La mirada discreta

Me gusta mezclarme entre la gente para retratar lo que me rodea; pero siempre intentando pasar inadvertido y así captar las cosas sin muecas forzadas o posados irreales. Y aunque hay un enunciado físico que afirma que no es posible observar un sistema sin interferir en él, yo no me canso de desafiarlo cada vez que salgo a la calle con la cámara en la mano.

En mitad del asfalto

Cada persona entiende la fotografía de una manera, y la mía es aquella en la que el observador es un ser invisible cuya presencia pasa siempre inadvertida; y por eso nunca me canso de captar esas escenas mundanas de mis lugares de paso. No esperéis de mí grandes retratos o pomposas escenas con una larga preparación detrás, porque lo que yo os ofrezco es simplemente una visión del mundo basada en todos esos pequeños-grandes detalles que convierten cada instante en algo único e irrepetible.

Alegría

Como dijo David Wojnarowicz en su momento: Smell the flowers while you can.

En la época analógica no había diferencias tan grandes entre las cámaras réflex

Una breve reflexión fotográfica para terminar el fin de semana dándole un poco al coco:

Si uno se para a pensar cómo ha cambiado el mundo de la fotografía con la llegada de las cámaras digitales se da cuenta de que en la época de las réflex de carrete no había tanta diferencia entre unas cámaras y otras: si montábamos el mismo objetivo en una Nikon F5 (modelo tope de gama en los años 90) y una Nikon F50 (el modelo réflex básico de la marca por aquellos años) empleando el mismo tipo de carrete podíamos conseguir unas fotografías prácticamente iguales en una cámara y en la otra.

Esto se debe a que los elementos físicos responsables de la calidad técnica (ojo, no artística) de las fotografías obtenidas eran más o menos los mismos en todos los modelos, ya que lo único que se interponía entre el negativo fotográfico y nuestra escena a retratar eran las lentes que conformaban el objetivo. Obviamente, los modos de medición eran más exactos en las cámaras más caras, el obturador era de mayor calidad y los sensores encargados del enfoque eran más precisos; pero el modo en el que la luz llegaba a tocar el negativo era exactamente el mismo en todas las cámaras.

Además, dado que el formato de negativo de 35mm era el mismo para todas las cámaras, la sensibilidad ante la luz, la calidad y el aspecto de las imágenes obtenidas era similar incluso en cámaras de distintas marcas. Es cierto que el uso de sensores digitales en las cámaras actuales ha supuesto una más que considerable reducción de costes para el usuario, pero no es menos cierto que gracias al sistema de carretes analógicos podíamos obtener un colorido sensacional prácticamente con cualquier cámara medianamente decente (se ve que mi Werlisa Club 35 no lo era).
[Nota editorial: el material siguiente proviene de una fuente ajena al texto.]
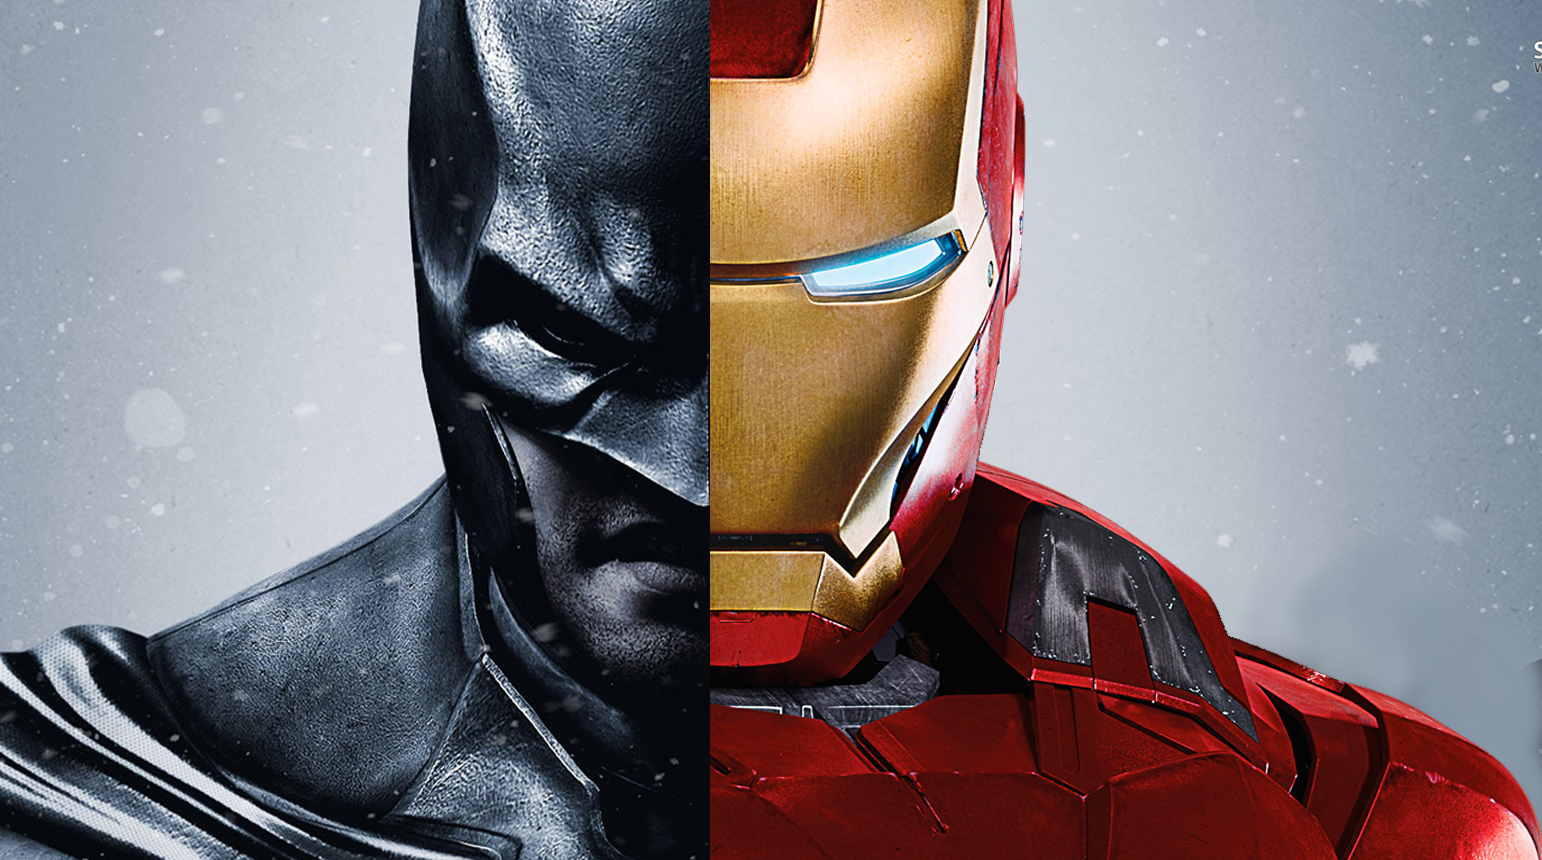 Batman Vs Iron Man | The Battle for Indian TV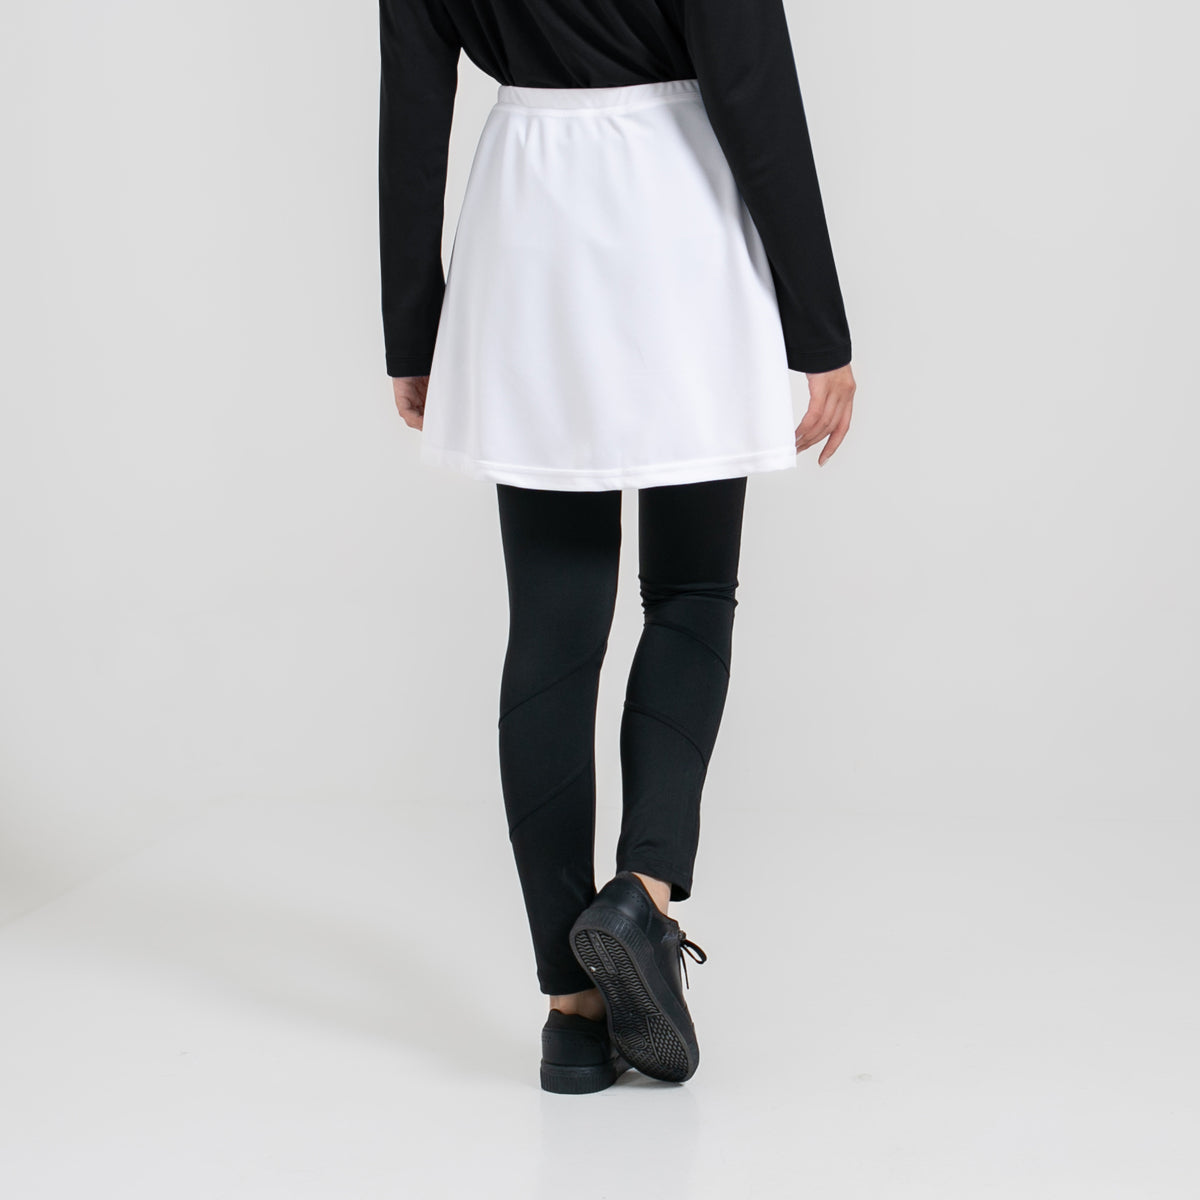 NOORE - Indiana Skirt - White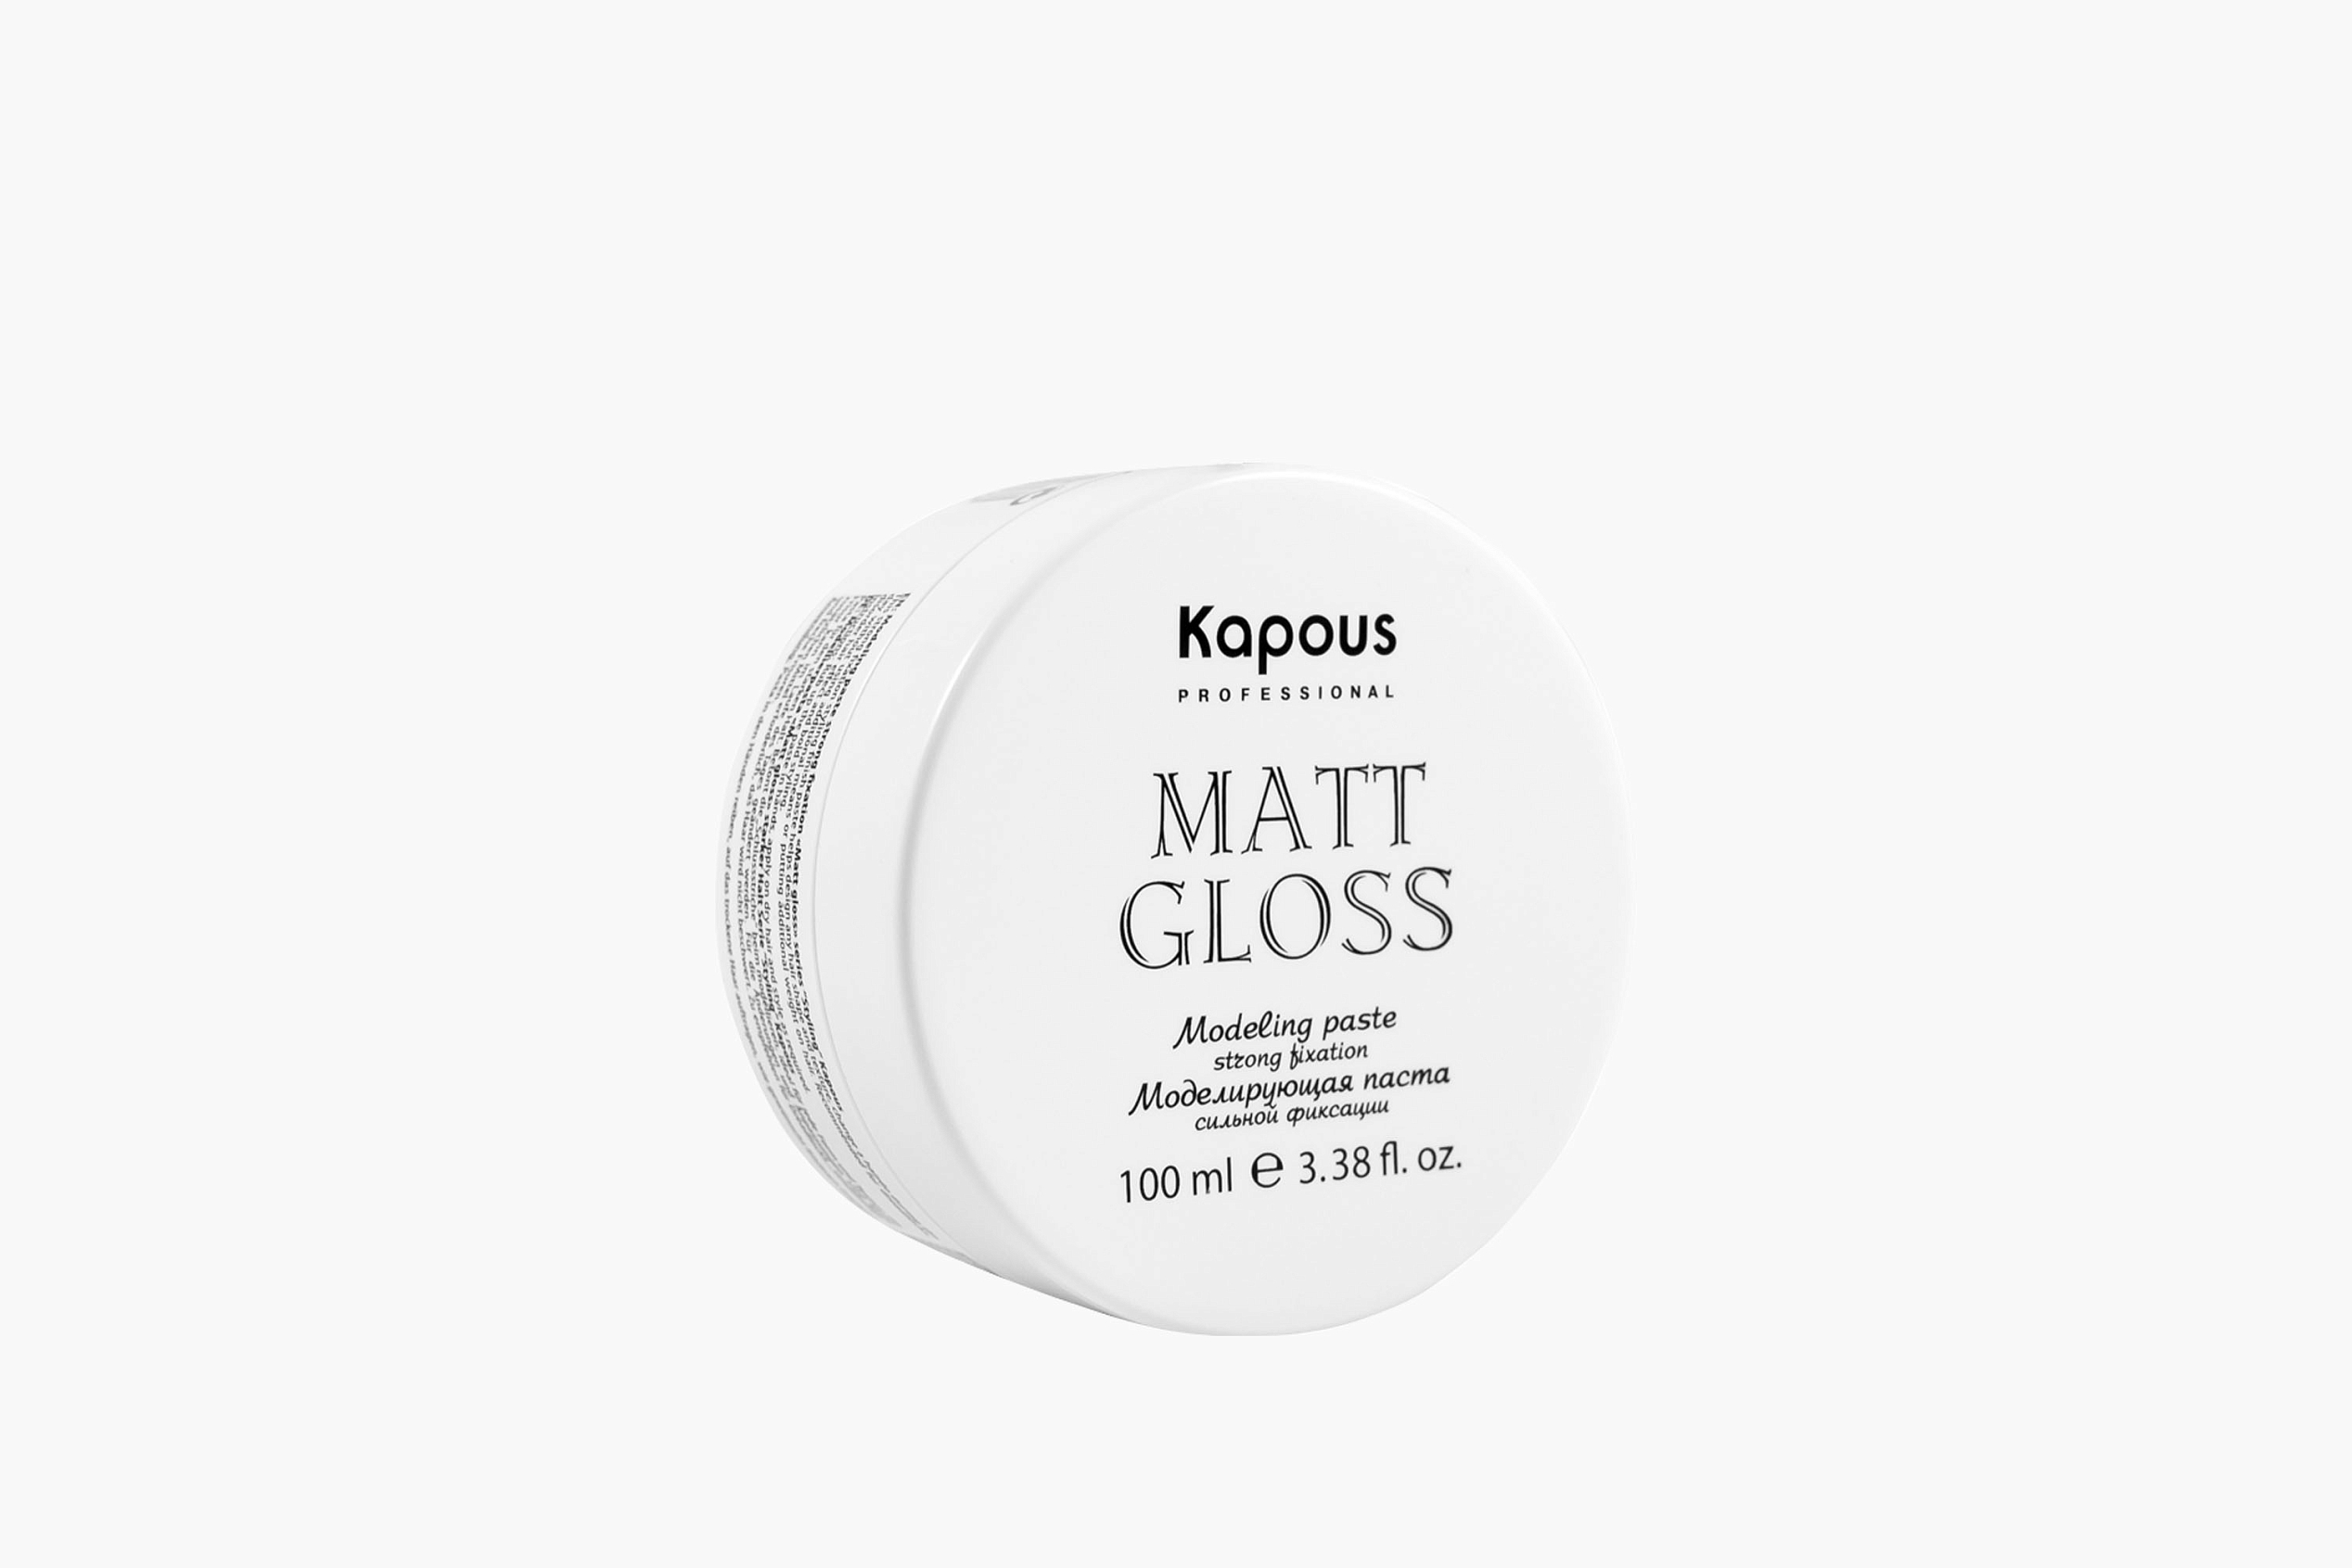 Kapous Professional Matt Gloss фото 1

Actualmente, las diferencias entre unos modelos y otros son enormes: para empezar tenemos baterías de mayor o menor capacidad (antes todo funcionaba por pilas), sensores de diferente calidad, resoluciones de 3, 6, 10, 12 ó 24 Megapíxels, filtros ultravioleta delante del sensor que varían la nitidez de las fotos según el modelo, cada cámara tiene una sensibilidad a los colores diferente por efecto de la electrónica interna, cada modelo responde con más o menos ruido a la misma ISO, el rango dinámico de una cámara de gama alta es mayor que una de gama básica…

No digo que ahora la cámara sea determinante para conseguir una buena imagen, porque de hecho el factor principal siempre es el propio fotógrafo más allá de aditamentos técnicos; pero no deja de ser curioso que la diferencia entre una cámara de gama alta y una de gama baja en la época analógica era mucho menor que en la era digital en la que nos encontramos inmersos.

Nos estamos haciendo mayores

Me llama poderosamente la atención que en los últimos meses unos cuantos «jugones de la vieja escuela» nos hemos posicionado de forma bastante parecida frente al mundo del videojuego. Digo esto porque en un breve lapso de tiempo yo he dejado el equipo de ultimONivel (y desde entonces apenas he tocado videoconsola alguna), Manu se plantea una renovación temática en su blog, Rafa reconoce que hay cosas más prioritarias en su vida, mi hermano (jugón desde que dejó el biberón) también ha dejado muy de lado esa forma de ocio para dedicarse a otras cosas…

Jugando con el Spectrum en Enero de 1988 ante la atenta mirada de mi hermano

Jugando con el Spectrum en Enero de 1988 ante la atenta mirada de mi hermano. ¡Han pasado 21 años!

Es curioso comprobar que mientras miles de personas jóvenes y no tan jóvenes descubren cada día una manera divertida de pasar el tiempo con las últimas consolas disponibles en el mercado; muchos de los que comenzamos a saber lo que eran bits, sprites, vectores, scrolls y variables con el mítico Spectrum en la década de los 80 estamos empezando a sentirnos un poco cansados de esto. No sé si es que el mundillo del videojuego se está profesionalizando demasiado (cada vez mueve más dinero y por lo tanto hay muchos intereses en sobre la mesa) o es que estamos saturados de un mercado en el que cada vez hay menos sitio para la sorpresa y la originalidad. El caso es que sea lo que sea, algo está cambiando en la mentalidad de una generación de personas que rondamos la treintena y compartimos aficiones.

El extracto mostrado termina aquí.